Investing in bonds is a good way to generate extra income without taking on the added risk of the stock market. But while you do stand to make money by buying bonds, you should be aware that in some cases, you'll lose a portion of your earnings to taxes. The interest you receive from corporate bonds is always taxable. Furthermore, while savings bonds and government-issued Treasury bonds are exempt from state and local taxes, they are taxable at the federal level. Then there are municipal bonds, which are always federal tax-exempt but sometimes subject to state and local taxes. Understanding how bond interest is taxed can help you choose the right investments.


Paying taxes on bond interest

Whenever you make money, the IRS likes to get a piece of the action, and bond interest is no exception. Generally speaking, the only way to completely avoid paying taxes on bond interest is to buy municipal bonds issued by your home state. If you buy municipal bonds issued by another state, you'll avoid federal taxes, but you'll be subject to state and local taxes that apply.

Treasury bonds and savings bonds work the opposite way -- you'll avoid state and local taxes but pay federal taxes on your interest. That said, if you use your savings bonds to pay for higher education costs, you may be eligible to avoid federal income taxes. This exception applies to eligible Series EE and I Bonds issued after 1989, and you'll need to meet certain criteria to snag that interest tax-free. For example, your bonds must be used to cover qualified expenses, and your expenses must be incurred during the same tax year you redeem your bonds.

Corporate bonds, meanwhile, offer zero opportunity to avoid taxes. Corporate bonds typically pay interest twice a year, and you're required to report that interest as income on your return.

Weighing your pros and cons

You have several options for investing in bonds, each of which comes with its own set of benefits and drawbacks. Treasury bonds, for example, are considered virtually risk-free, which means you don't have to worry about losing your principal investment. On the other hand, treasury bond yields are much lower than those of corporate bonds, and on a tax-adjusted basis, municipal bonds have yielded 25%-30% more than Treasury bonds over time. Throw in the fact that Treasury bond interest is taxable at the federal level, and your opportunity to profit is somewhat limited.

Corporate bonds, on the other hand, typically offer the highest yields, but because their interest is taxable, you'll lose a portion of what you make right off the bat. The amount you ultimately pay will depend on your tax rate, but if you make $1,000 in bond interest over the course of a year but typically lose 25% of your income to taxes, you'll end up with just $750. Keep in mind that unlike your paycheck, those taxes won't be taken out automatically; you'll receive your interest payments in full, but you'll need to pay taxes on them when you file your return.

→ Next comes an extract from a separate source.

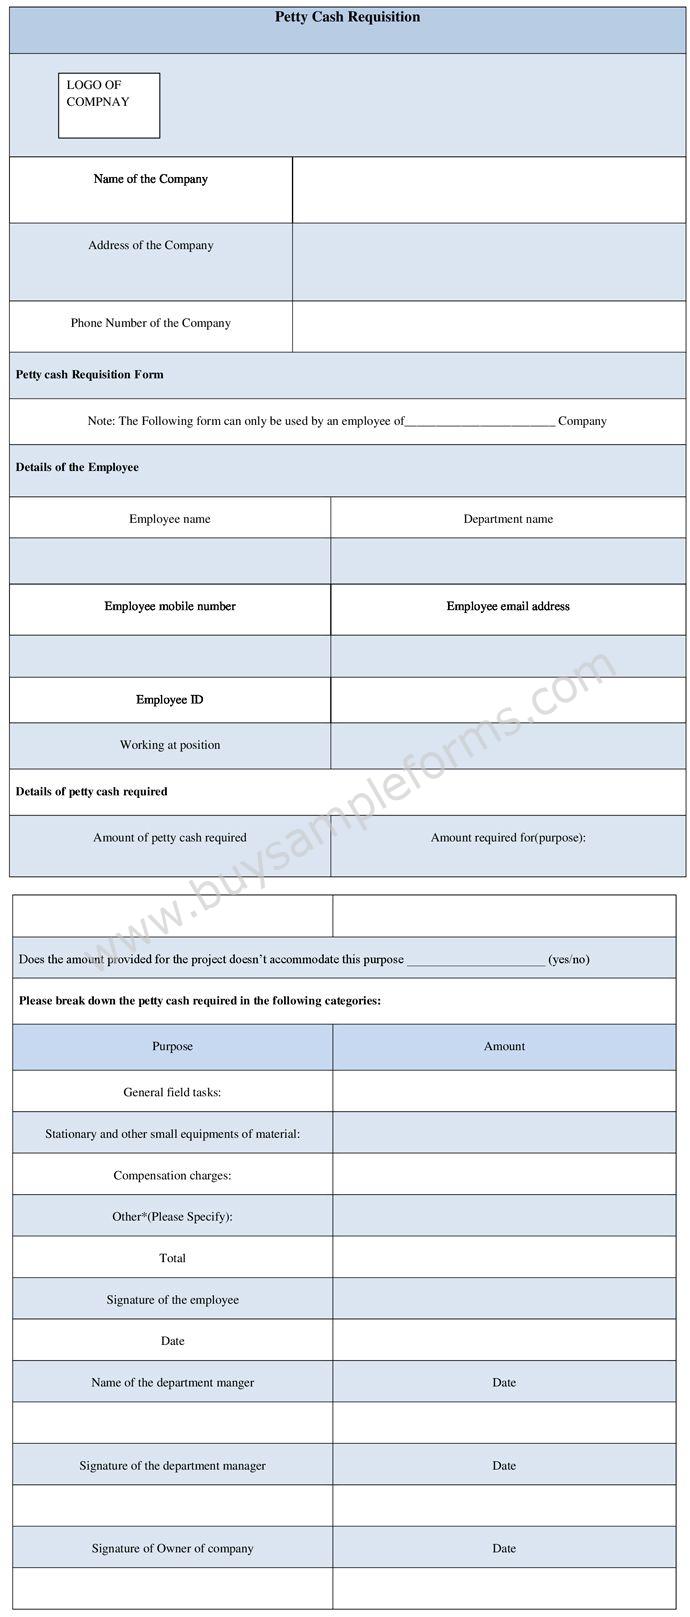 Petty Cash Requisition Form Word – Sample Requisition Form Template
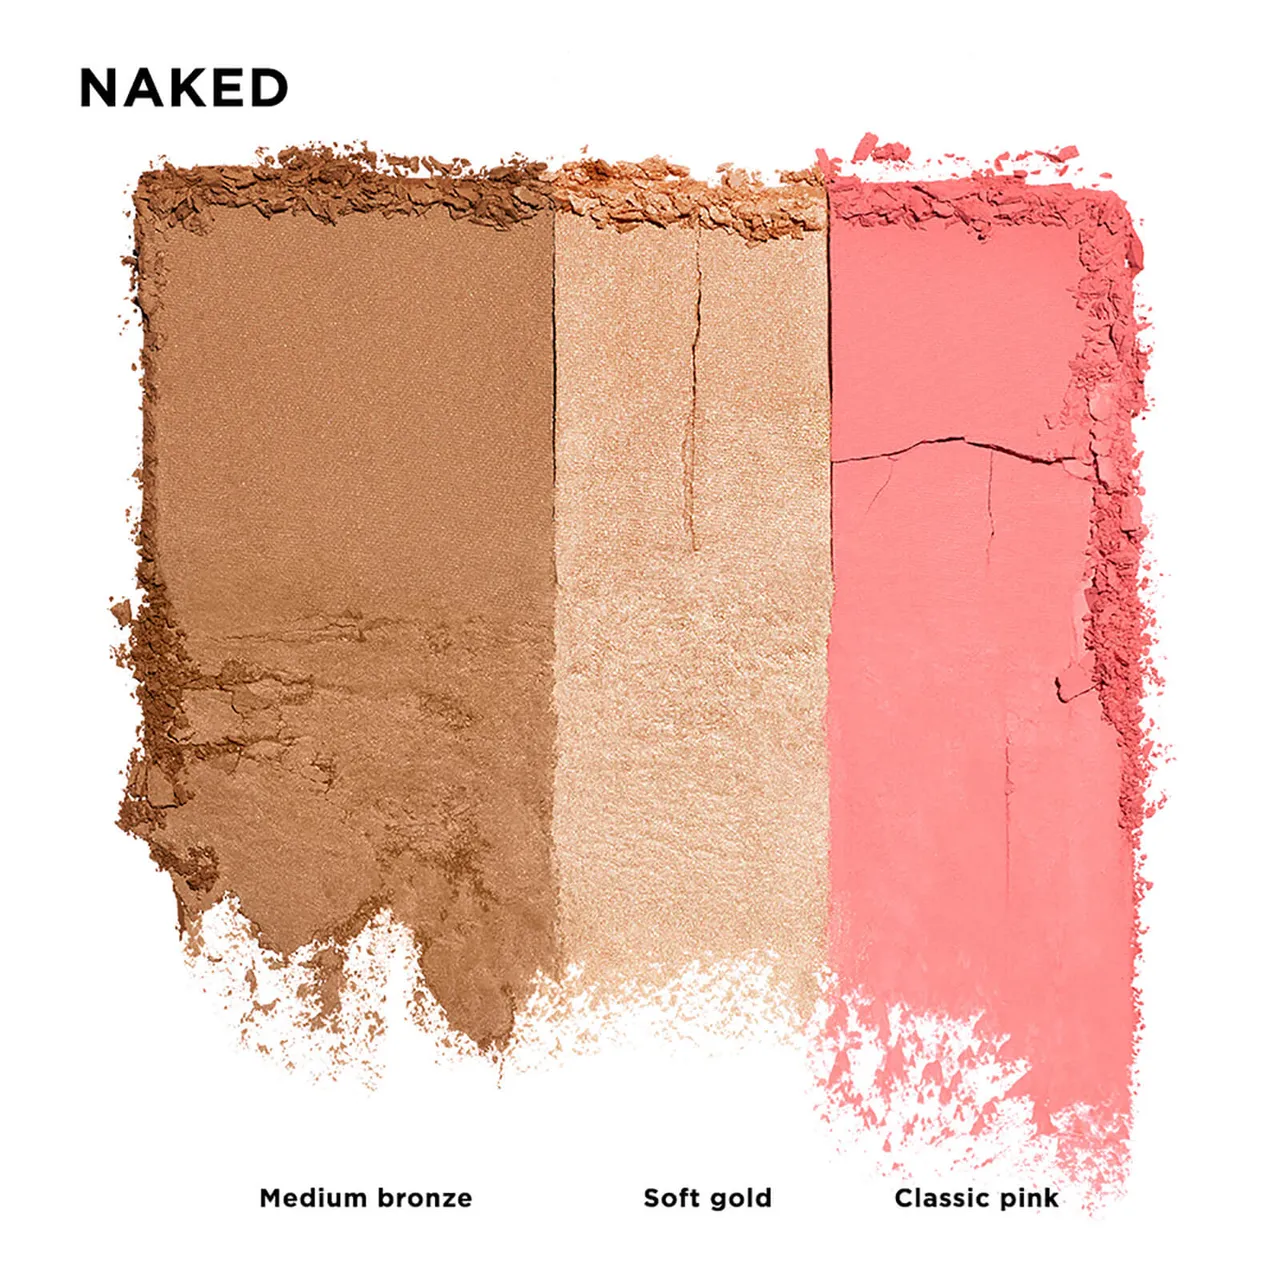 Urban Decay Stay Naked Threesome Palette - Naked 115g

If you're worried about taxes, you might consider municipal bonds as a reasonable middle ground. Municipal bonds are triple tax-exempt provided you buy bonds issued by your home state, and while their yields are traditionally lower than those of corporate bonds, you get the opportunity to bank all of your interest income instead of losing a portion to taxes.

Of course, in some cases, it might make more sense to pay taxes on corporate bond interest than collect a lower amount of municipal bond interest tax-free. To see which scenario will better benefit you, you can use our handy online tool to calculate your tax-equivalent yield.

Finally, don't forget the risk factor when choosing between bonds. Corporate bonds typically offer the highest yields but come with the highest risks. Municipal bonds, meanwhile, are 50 to 100 times less likely to default than comparably rated corporate bonds. As is the case with all investments, you'll need to consider not just the tax implications when buying bonds, but the extent to which you might lose money if things end up going sour.